Start to finish, print the entries exactly, and carry none of the pictures over.

**Data extract:**
-------

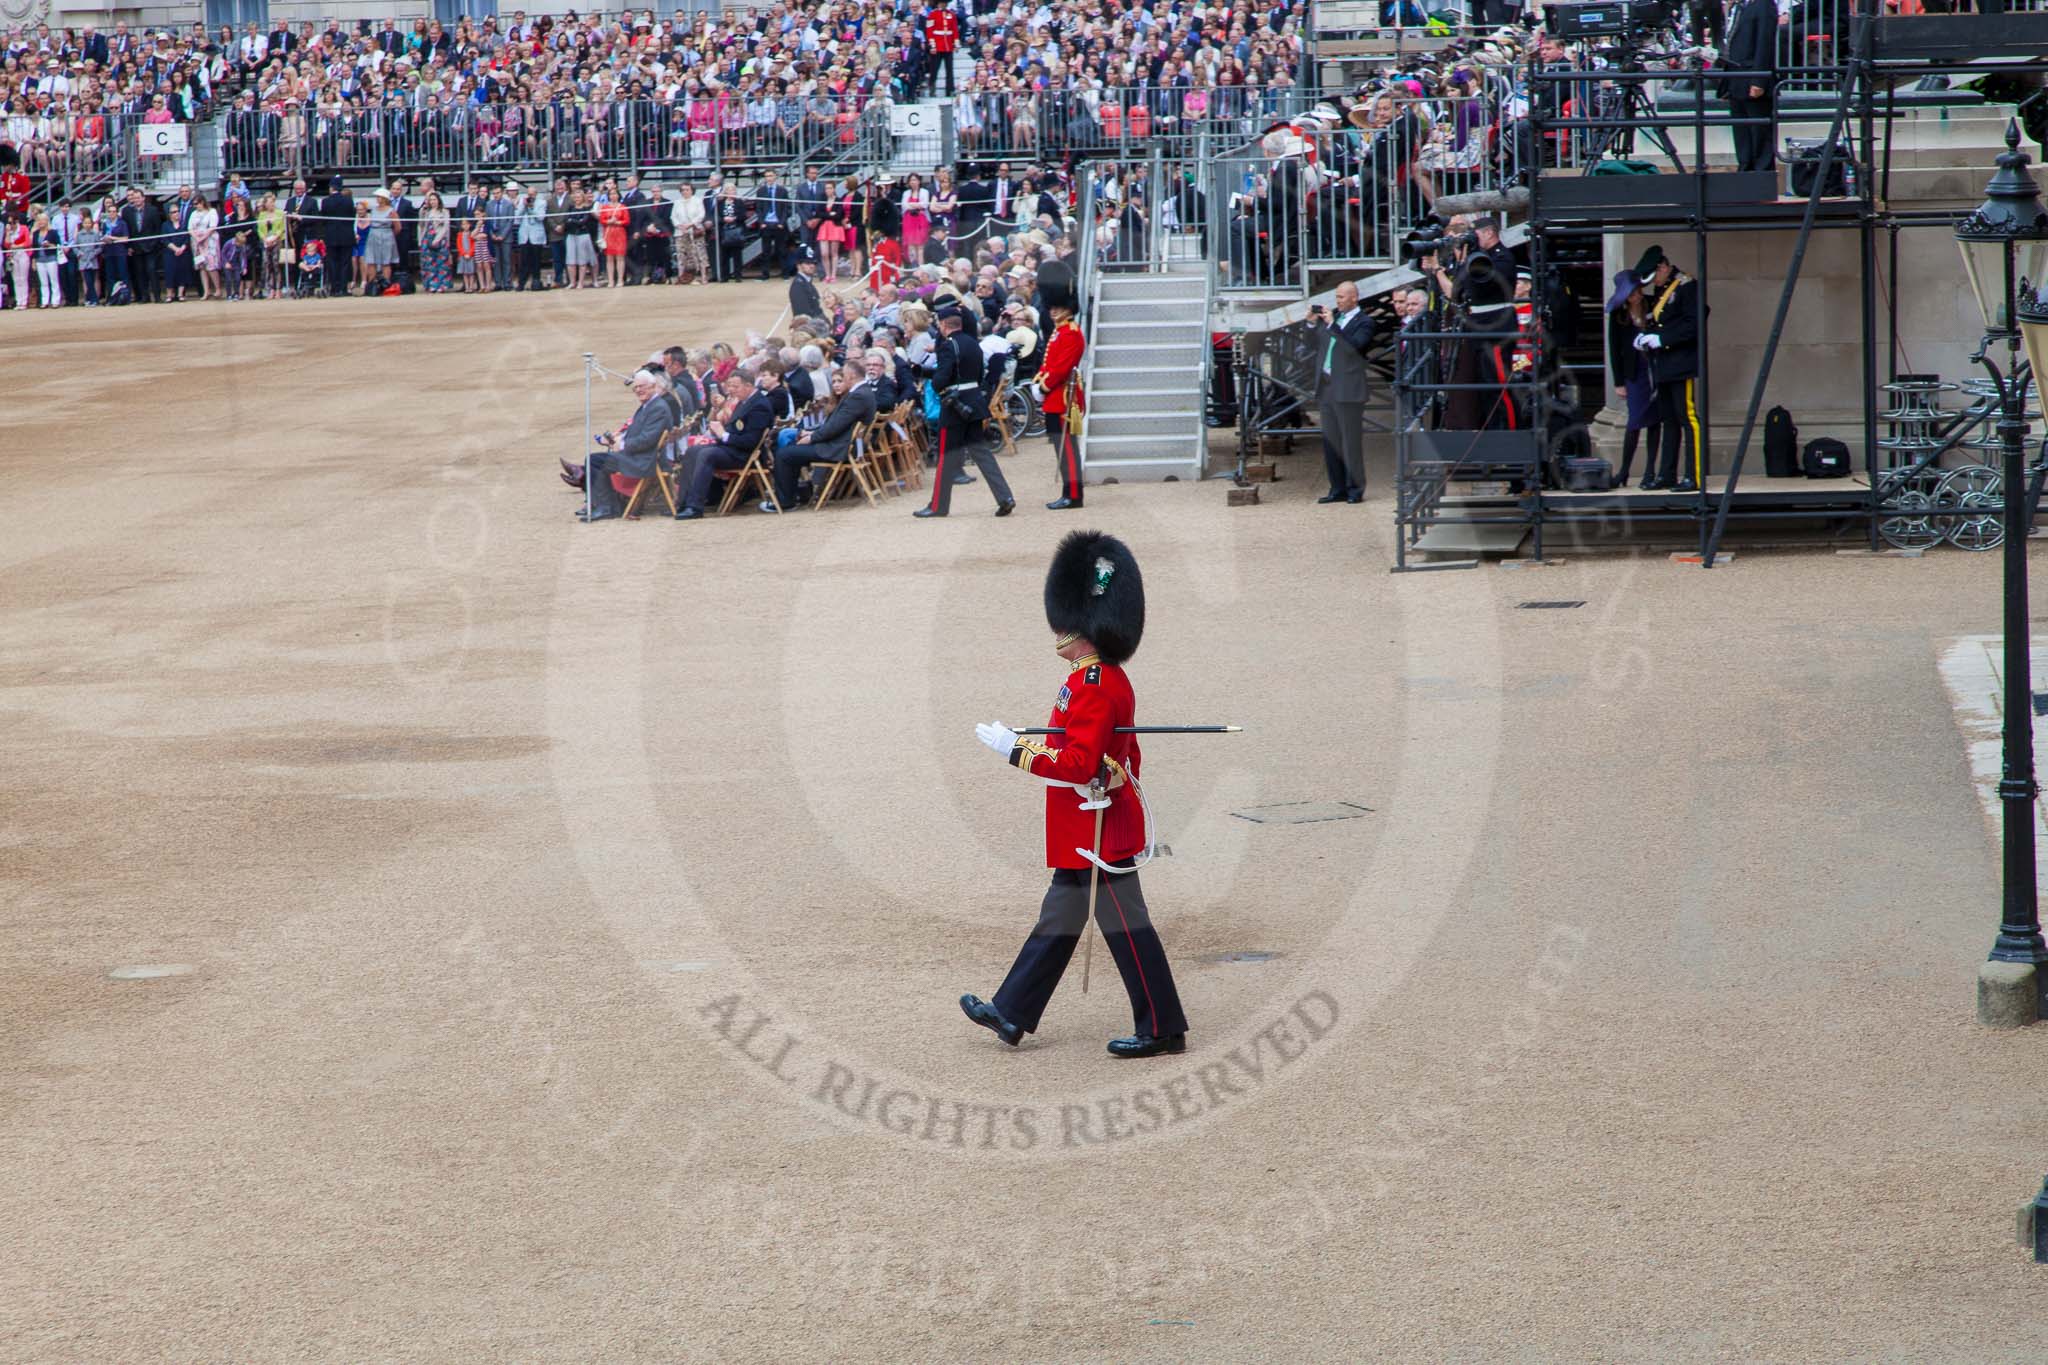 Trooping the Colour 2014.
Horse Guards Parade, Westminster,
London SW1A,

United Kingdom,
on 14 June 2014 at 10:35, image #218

-------

**Solution for this task:**
 Trooping the Colour 2014.
Horse Guards Parade, Westminster,
London SW1A,

United Kingdom,
on 14 June 2014 at 10:35, image #218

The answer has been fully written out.